═════ Records for the exercise ═════

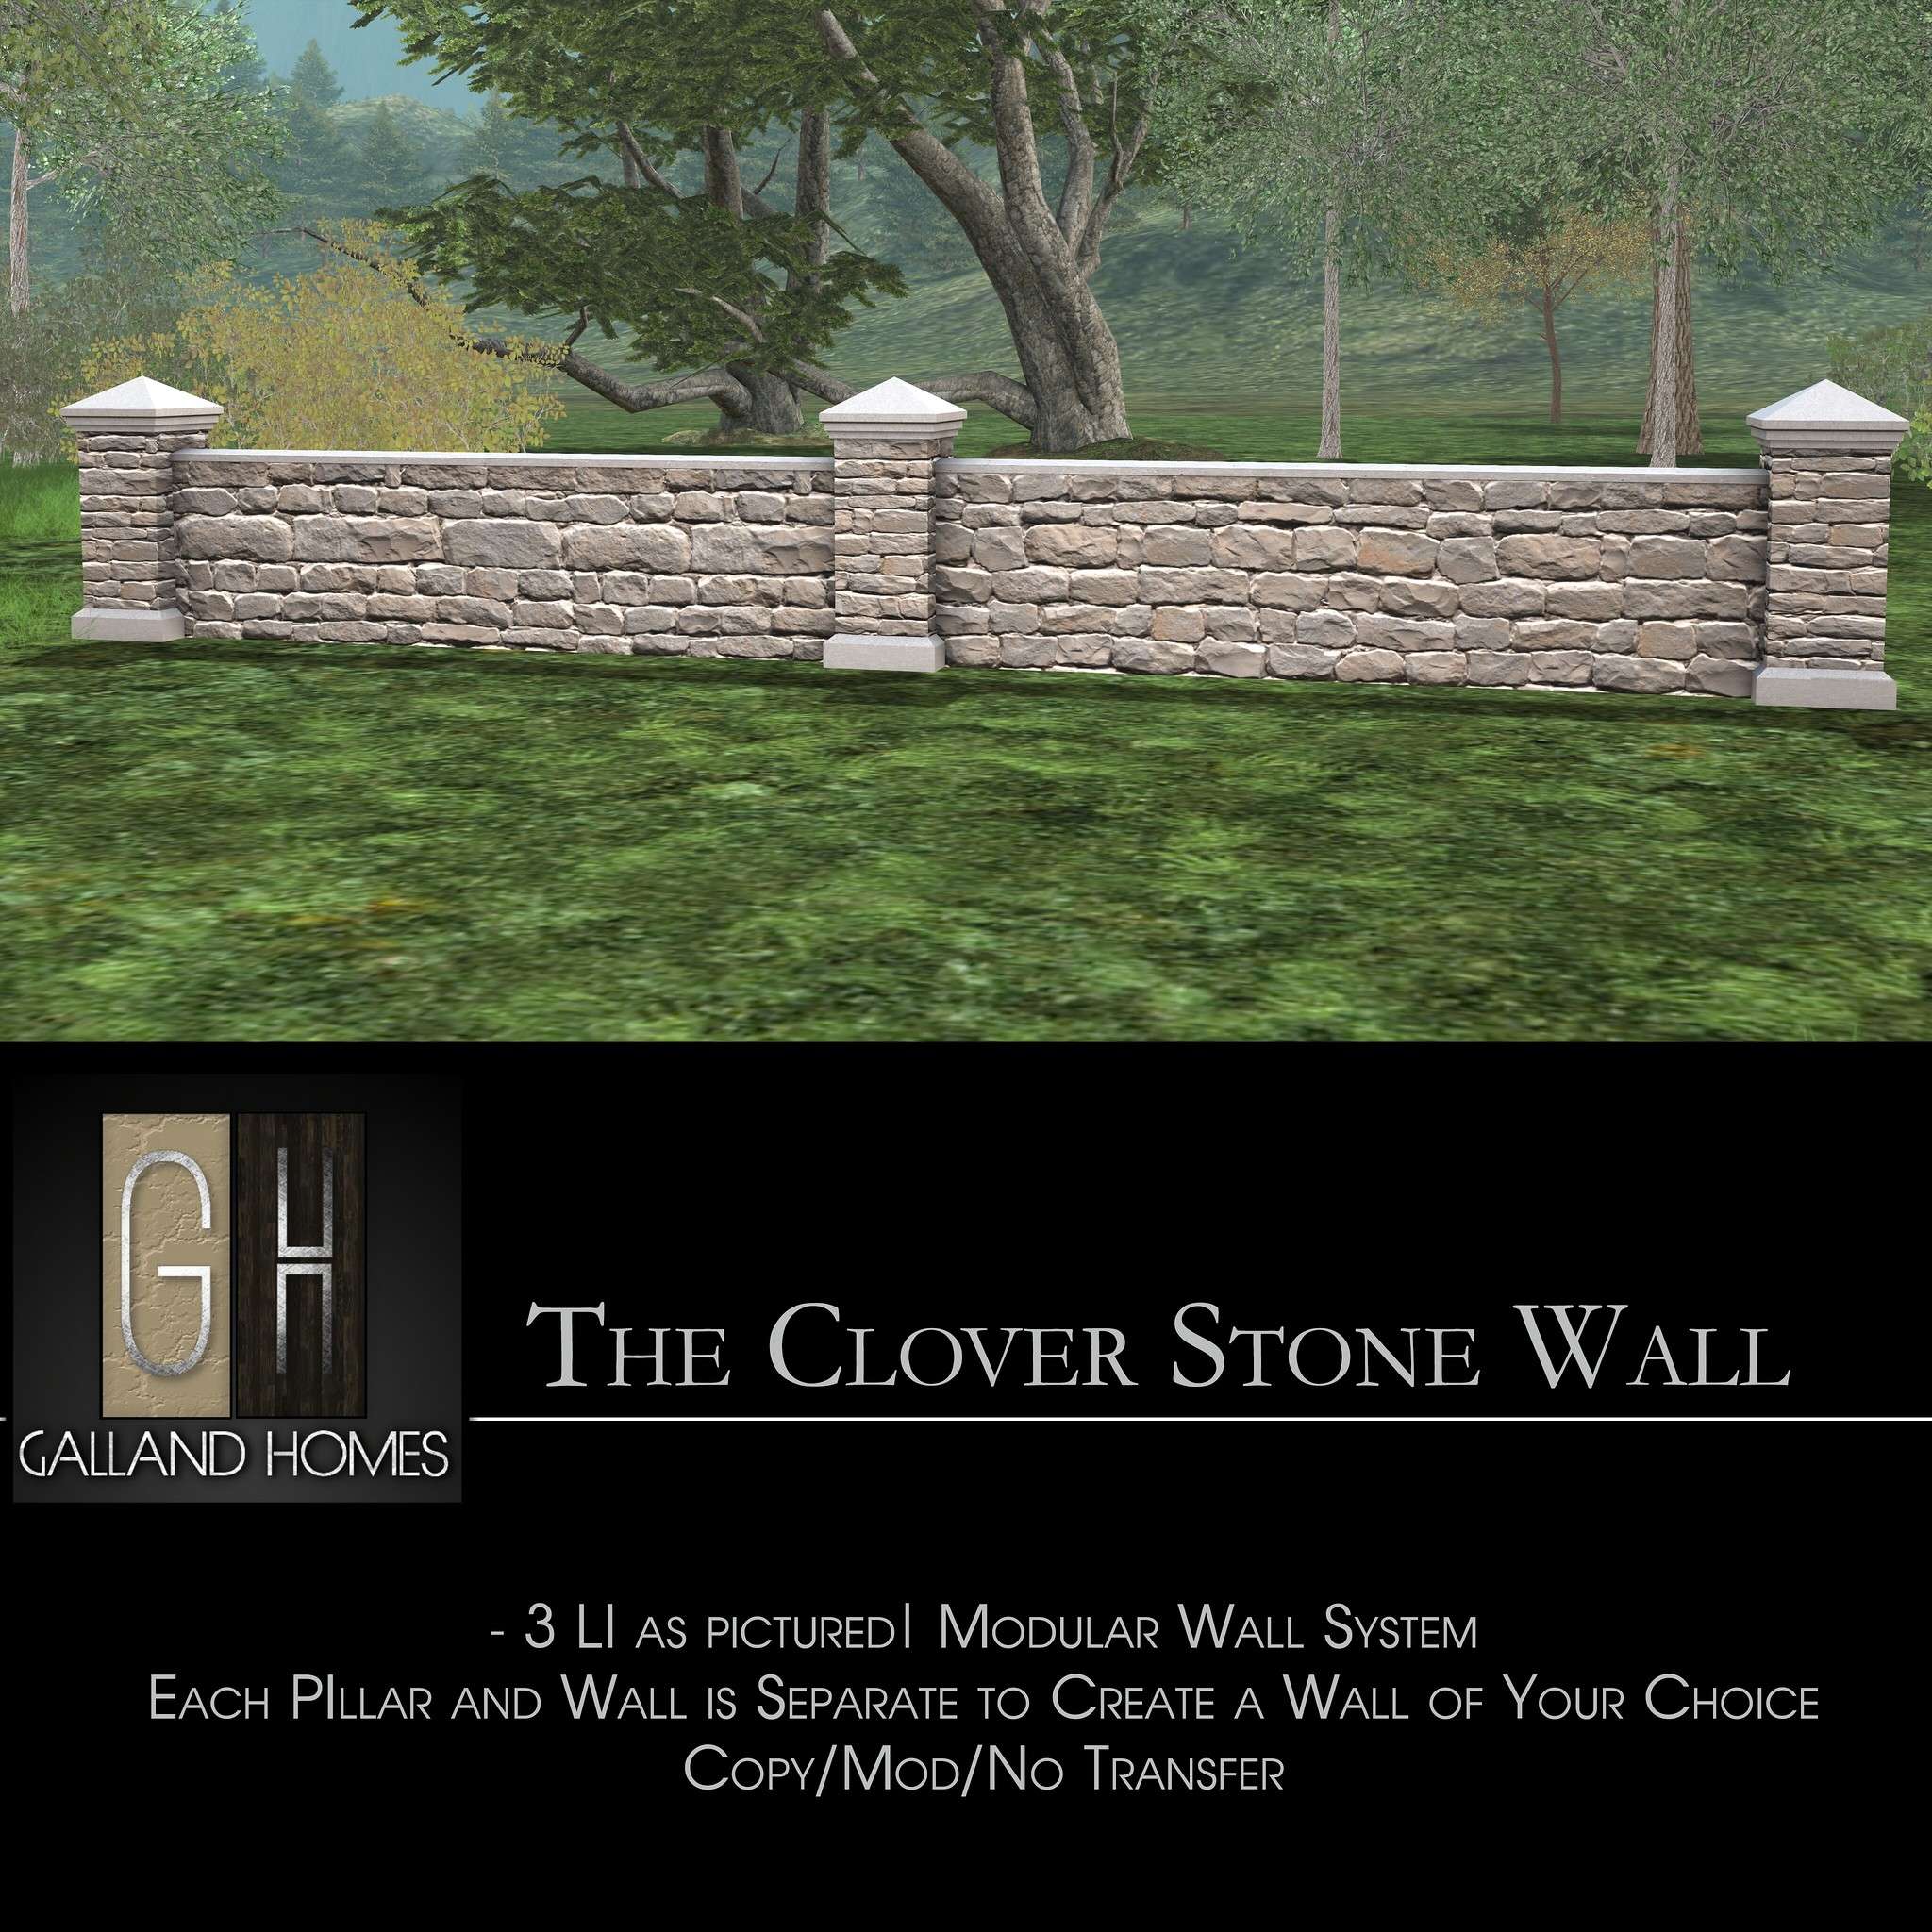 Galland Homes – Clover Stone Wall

═════
═════ Records for the exercise ═════

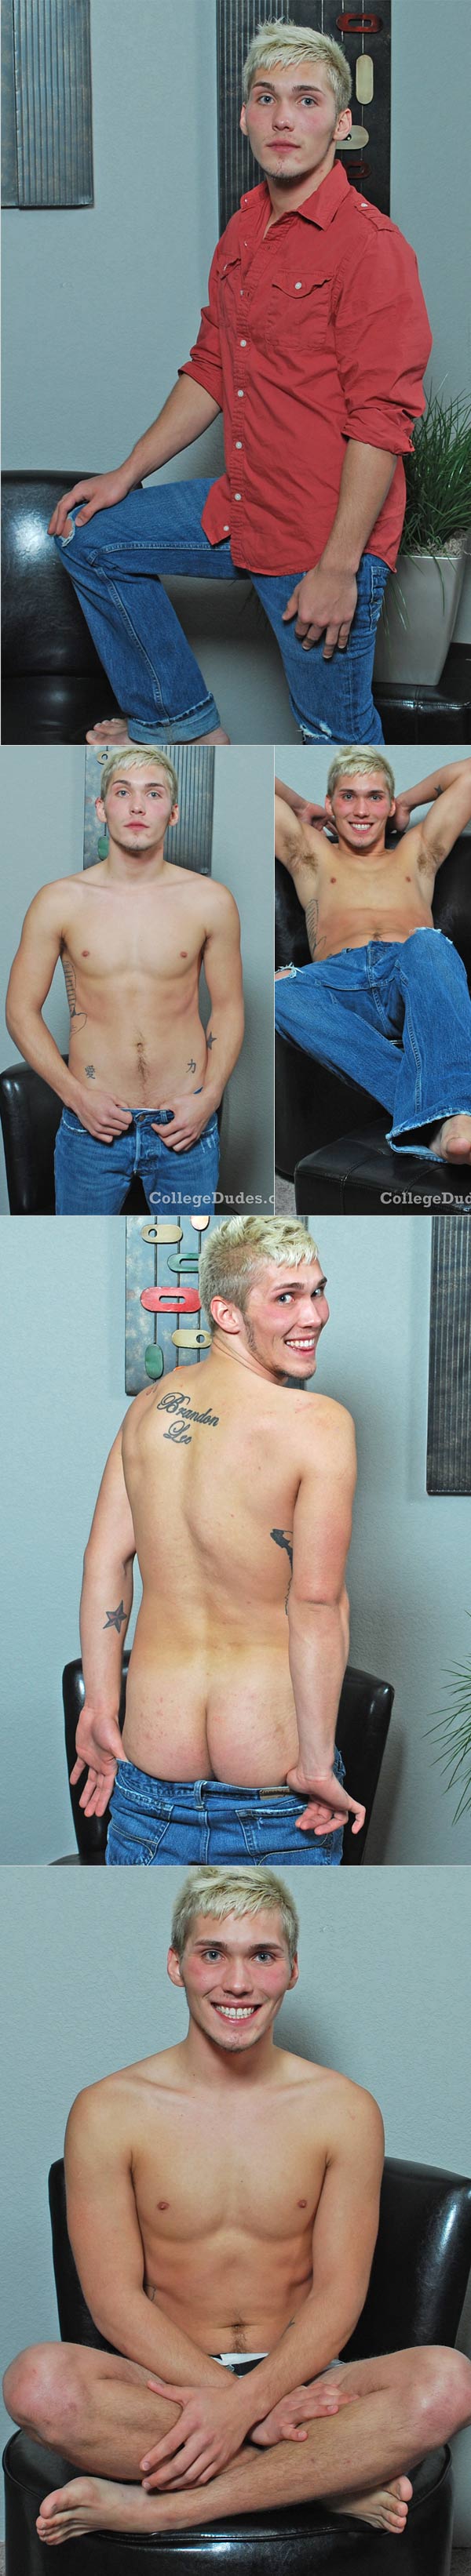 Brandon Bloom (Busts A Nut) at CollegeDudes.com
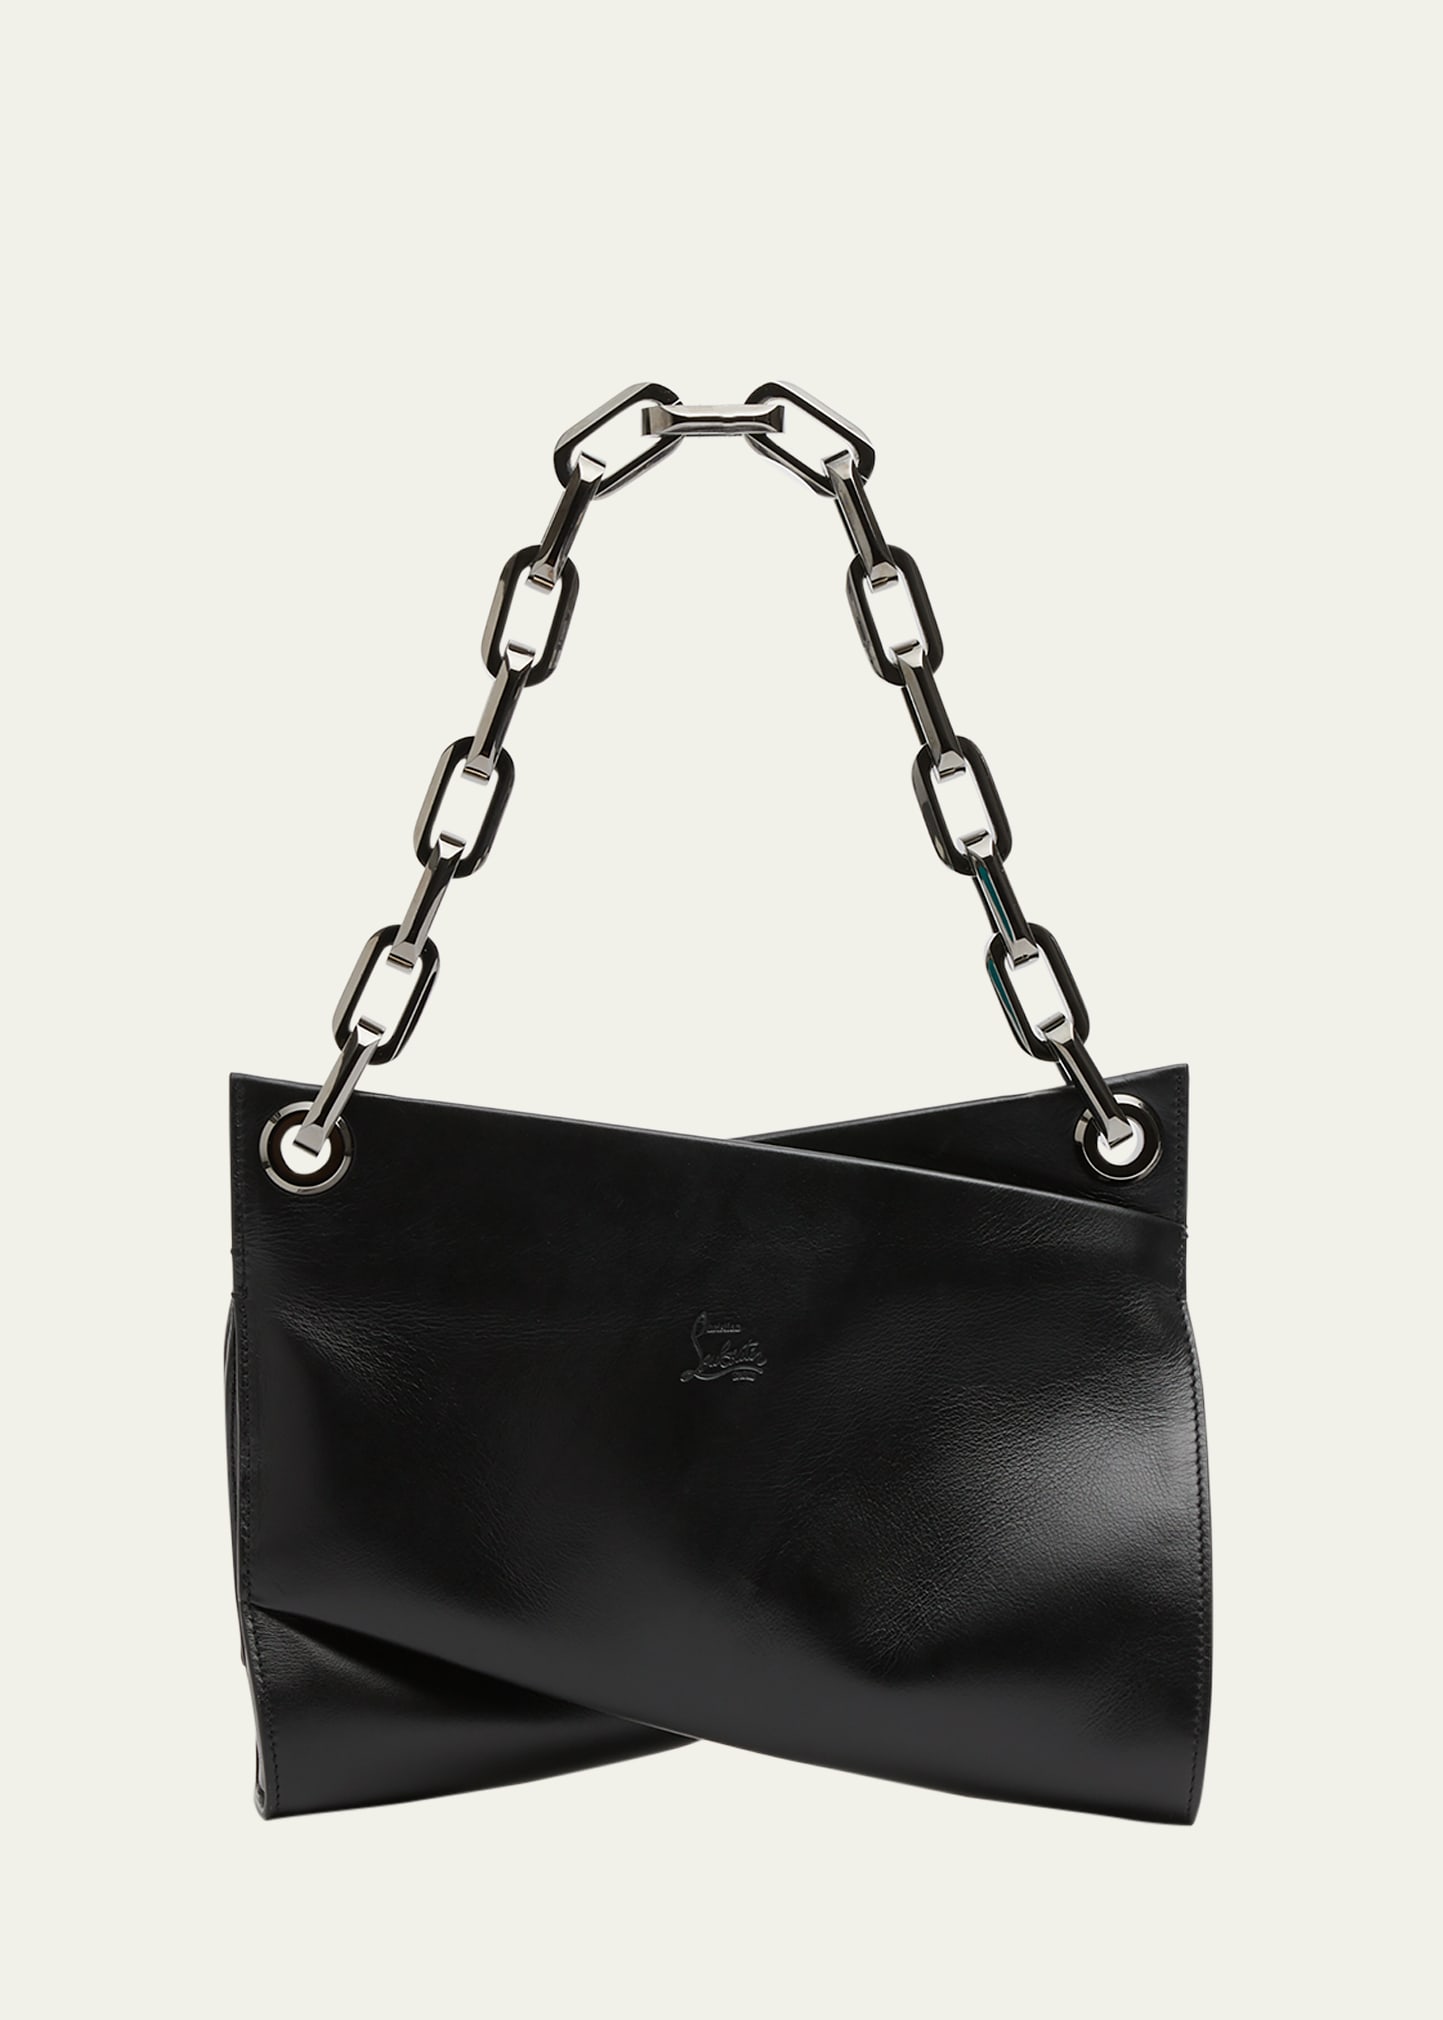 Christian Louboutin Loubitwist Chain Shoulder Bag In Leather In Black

═════

Starting at the line with "Brandon Bloom (Busts" in the entries above, write out every line exactly until the line with "Christian Louboutin Loubitwist" has been written. Include no pictures and nothing more.

 Brandon Bloom (Busts A Nut) at CollegeDudes.com
 Christian Louboutin Loubitwist Chain Shoulder Bag In Leather In Black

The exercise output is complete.